Canadian Manufacturing

Ford announces end to production in Australia by 2016

by Kristen Gelineau THE ASSOCIATED PRESS   

Canadian Manufacturing

The move will cut 1,200 jobs and make Ford an import-only brand in Australia, where it began making cars in 1925 and is the country's third-largest auto maker.

SYDNEY, Australia—Ford Motor Co. is blaming soaring manufacturing costs and plummeting sales in its decision to shutter its two Australian auto plants, ending production in the country by 2016.

The closure of the U.S. automaker’s plants in the state of Victoria will mean the loss of 1,200 jobs and will transform the company into an import-only brand in Australia. Ford began making cars in Australia in 1925 and is the third largest auto manufacturer in the country.

“We understand the very real impact that this will have on our team,” Ford Australia President Bob Graziano told reporters at the company’s Melbourne plant. “We came to this conclusion only after thoroughly reviewing our business and exhausting all other alternatives.”

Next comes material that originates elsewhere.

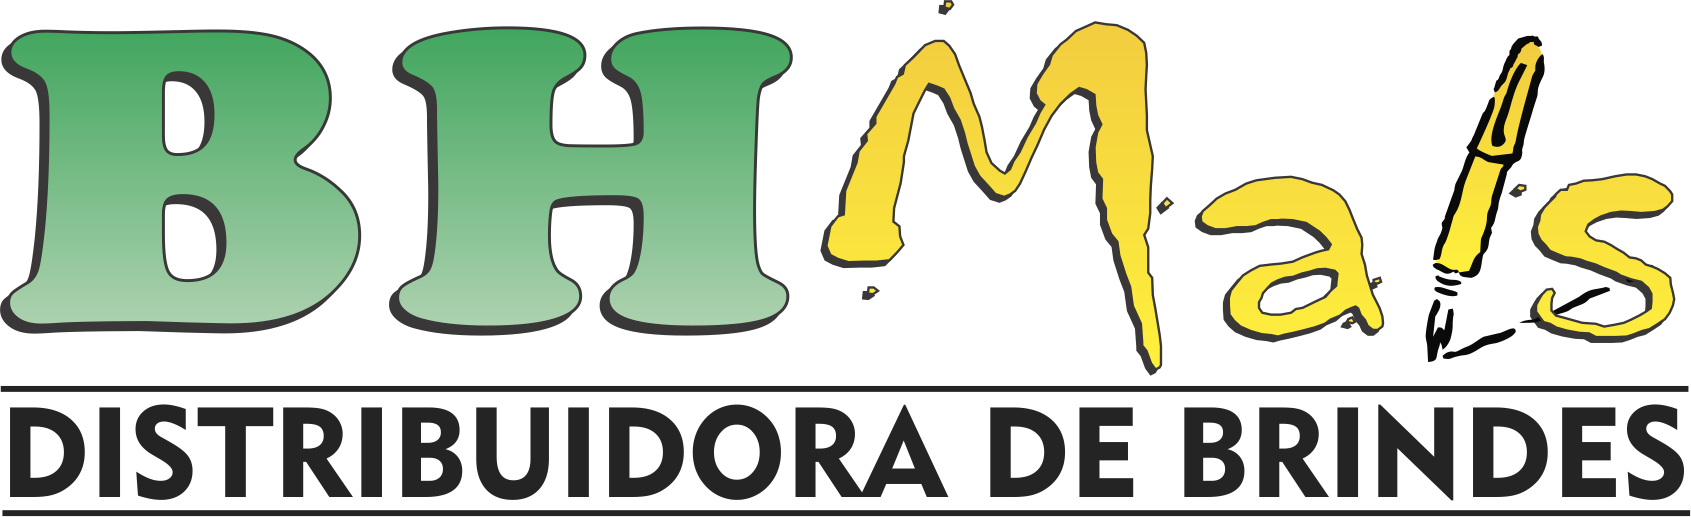 BHMAIS DISTRIBUIDORA DE BRINDES

Australia’s stubbornly high dollar has put pressure on the country’s auto manufacturers, making locally-produced cars far more expensive than those made overseas. Last month, Ford’s chief competitor, Holden, said it was cutting 500 jobs amid the high dollar and falling demand.


“The strength of the Australian dollar bears down on Australian manufacturing and it does make it a difficult environment for manufacturing to prosper,” Australian Prime Minister Julia Gillard said following Ford’s announcement.

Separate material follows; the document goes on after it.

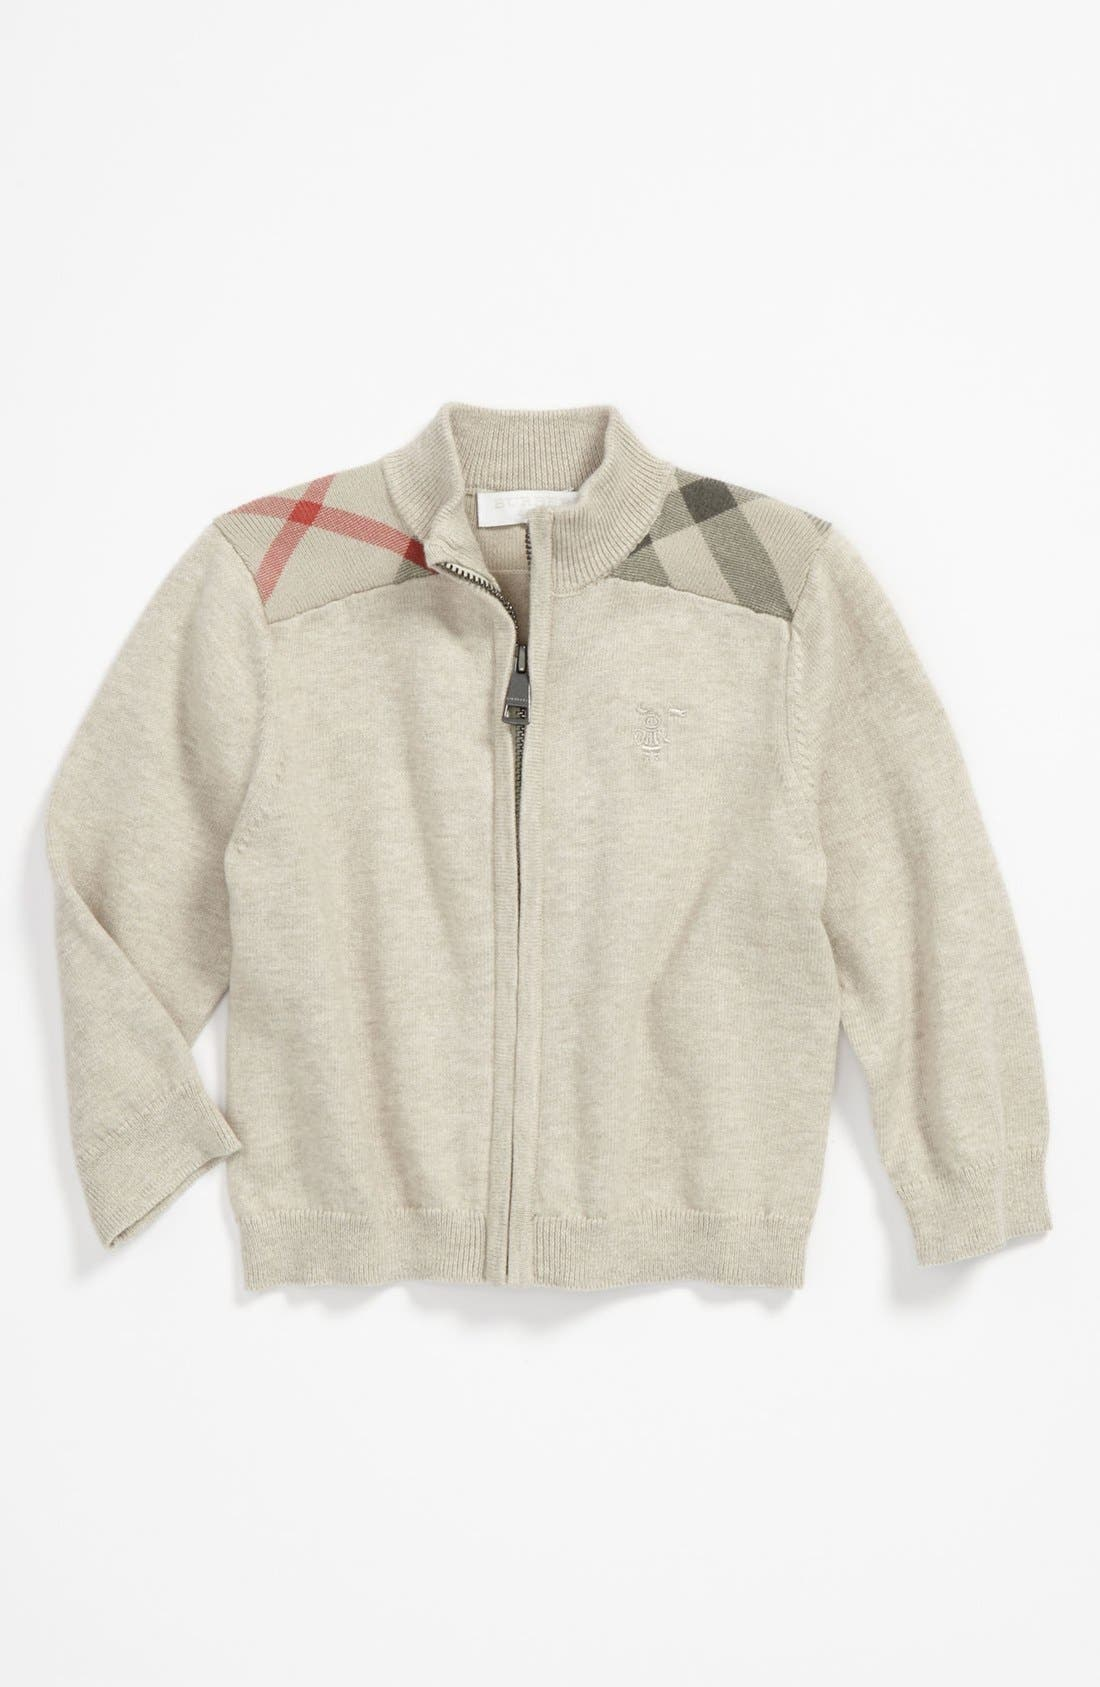 Main Image - Burberry 'Christian' Sweater (Toddler)

The automaker also released its annual financial report, which showed a loss of $141 million Australian dollars ($136 million) after tax for the 2012 financial year. That follows a loss of AU$290 million in 2011, and a total loss of AU$600 million over the past five years.

Graziano said a reduced demand for large cars and the high price of production in Australia had left the manufacturing operation uncompetitive. Ford’s production costs in Australia are twice that of Europe and nearly four times higher than in Asia, Graziano said.

“Manufacturing is not viable for Ford in Australia in the long term,” he added.

Around 1,500 employees, including dealers and those in product development, will continue working for the company after production ends in October 2016.